On the other hand, it is often necessary for message senders to have some level of cluster awareness. Router actors can handle the logistics of sending messages to other actors that may be distributed across the cluster. A router actor receives messages, but it does not handle the message itself. It forwards the message to a worker actor. These worker actors are often referred to as routees. The router actor is responsible for routing messages to other routee actors based on a routing algorithm. The actual routing algorithm used varies based on the specific requirements of each router. Examples of routing algorithms are round robin, random, smallest mailbox, etc.

Consider the example scenario shown in the following diagram (recall that the client that sends a message to an actor has no idea how that actor will handle the message.) The receiving actor is a black box from the perspective of the client. The recipient actor may delegate the work to be done to other worker actors. The recipient actor, in this case, could be a router. It routes incoming messages to delegate routee actors that do the work.

In this example scenario, the router actor could be cluster aware, and it could be routing messages to actors that are distributed across nodes in the cluster.
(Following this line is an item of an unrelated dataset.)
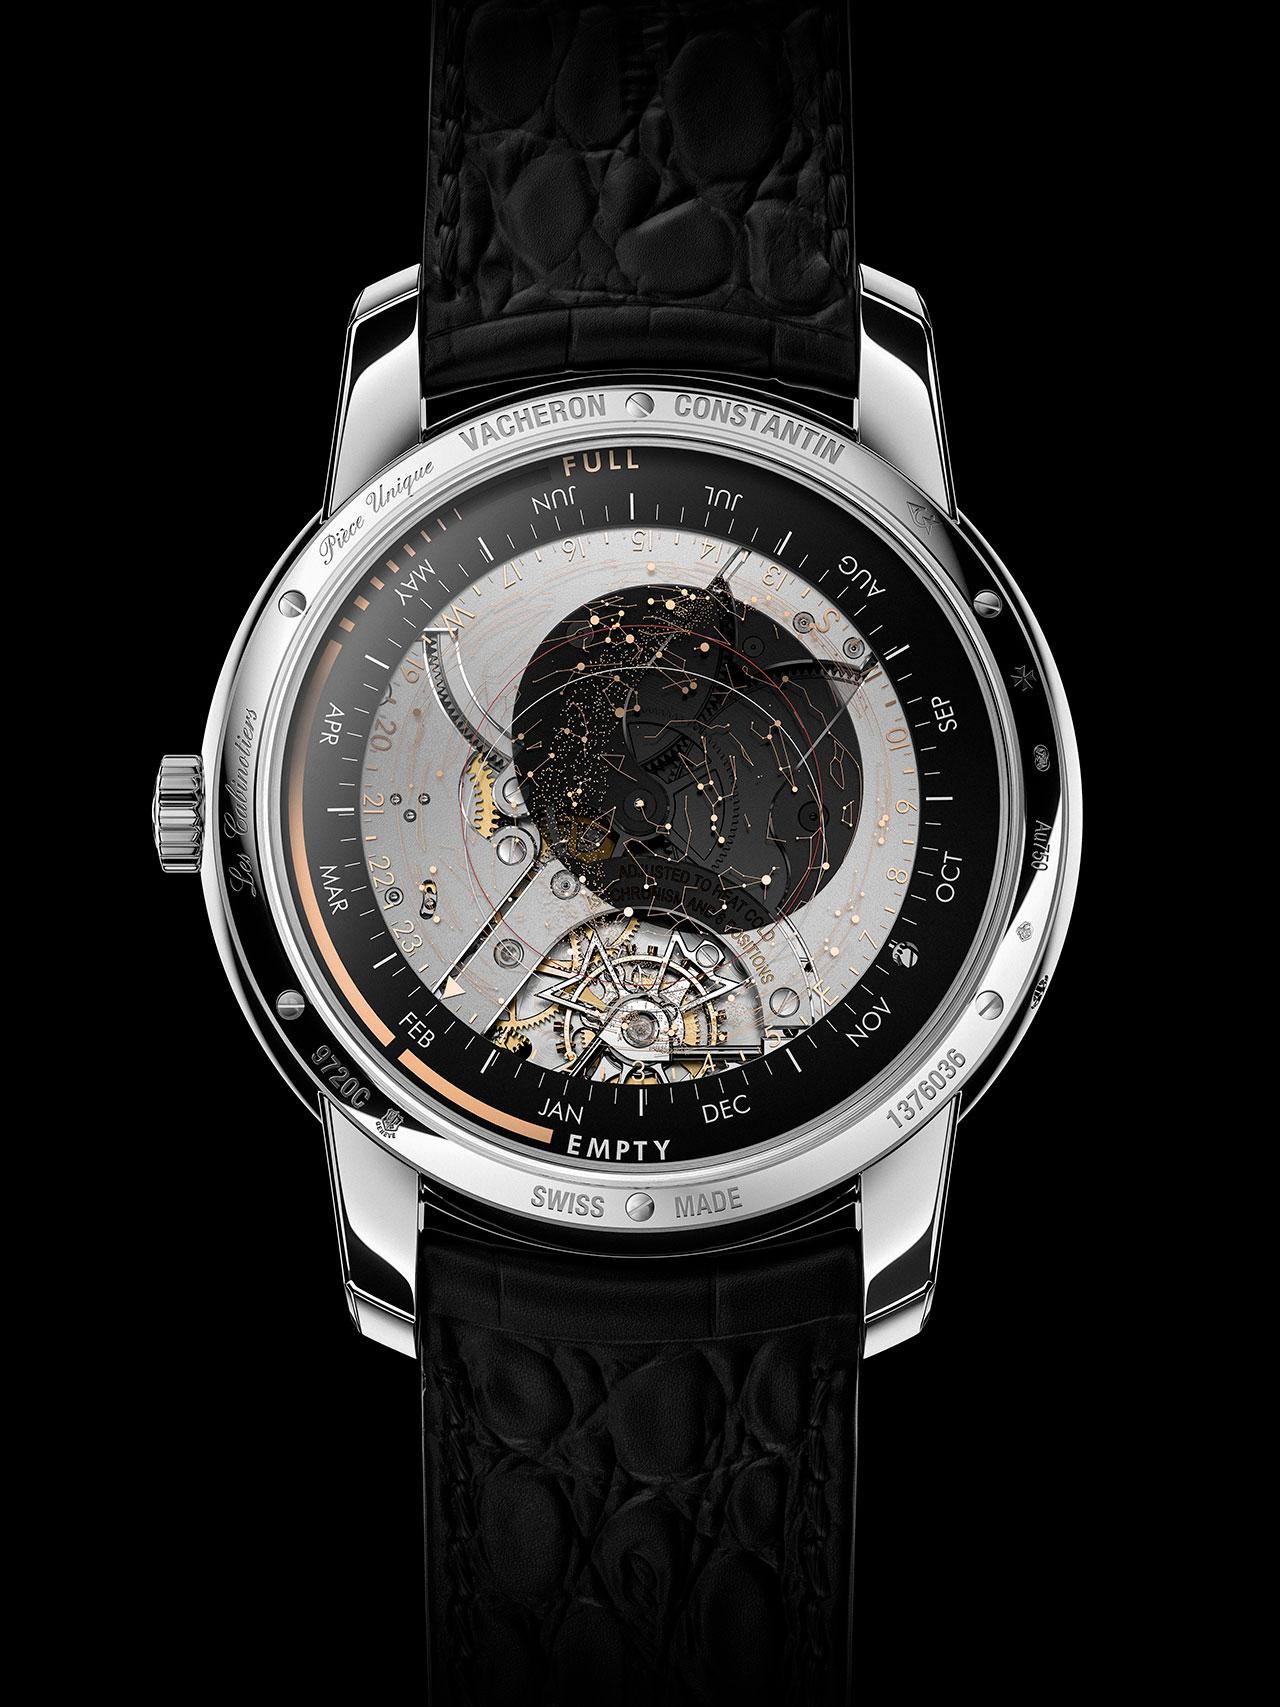 世界に一つしかない天文時計、「レ・キャビノティエ・セレスティア・アストロノミカル・ グランド・コンプリケーション 3600」

So what does it mean to be cluster aware?

Cluster aware actors use information about the composition of the current cluster state to make decisions about how to route incoming messages to other actors that are distributed across the cluster. One of the most common use cases for cluster aware actors is routers. Cluster aware routers decide how to route messages to routee actors based on the current state of the cluster. For example, a router that knows the location of routee actors that are distributed across the cluster routes messages to routees based on a distributed work algorithm.

How the Actor Model Supports Reactive Systems

As defined in the Reactive Manifesto, "Reactive is responsive, Reactive is resilient, Reactive is elastic, and Reactive is message-driven." The message-driven component is essentially what allows the other three characteristics of Reactive to be supported.

Boosting System Responsiveness

Reactive is responsive in that systems can dynamically adapt to changing user demands. It's not uncommon for a reactive system to be able to respond to user requirements in a request/response fashion. In supporting reactive through the actor model, developers are able to achieve very high throughputs.

Bolstering System Resiliency

Resiliency is also supported through message-passing and other functionality offered by message-driven architecture. When a client actor sends a message to a server actor receiver, the client does not have to deal with exception handling that may be caused within that server object or actor.

Consider a typical object-oriented architecture, where a client sends a message or invokes a method on a receiver, forcing the client to deal with any sort of crash or exception being thrown. In response, a client would typically rethrow or toss the exception up to some higher-level component and hope that someone deals with it. But clients are ill-suited to fixing server crashes.

In the actor model, especially with Akka, there is a hierarchy that's established for supervision. When a server crashes or throws an exception on an incoming message, it's not the client that has to deal with the crash but the parent of the server actor or object that takes care of it.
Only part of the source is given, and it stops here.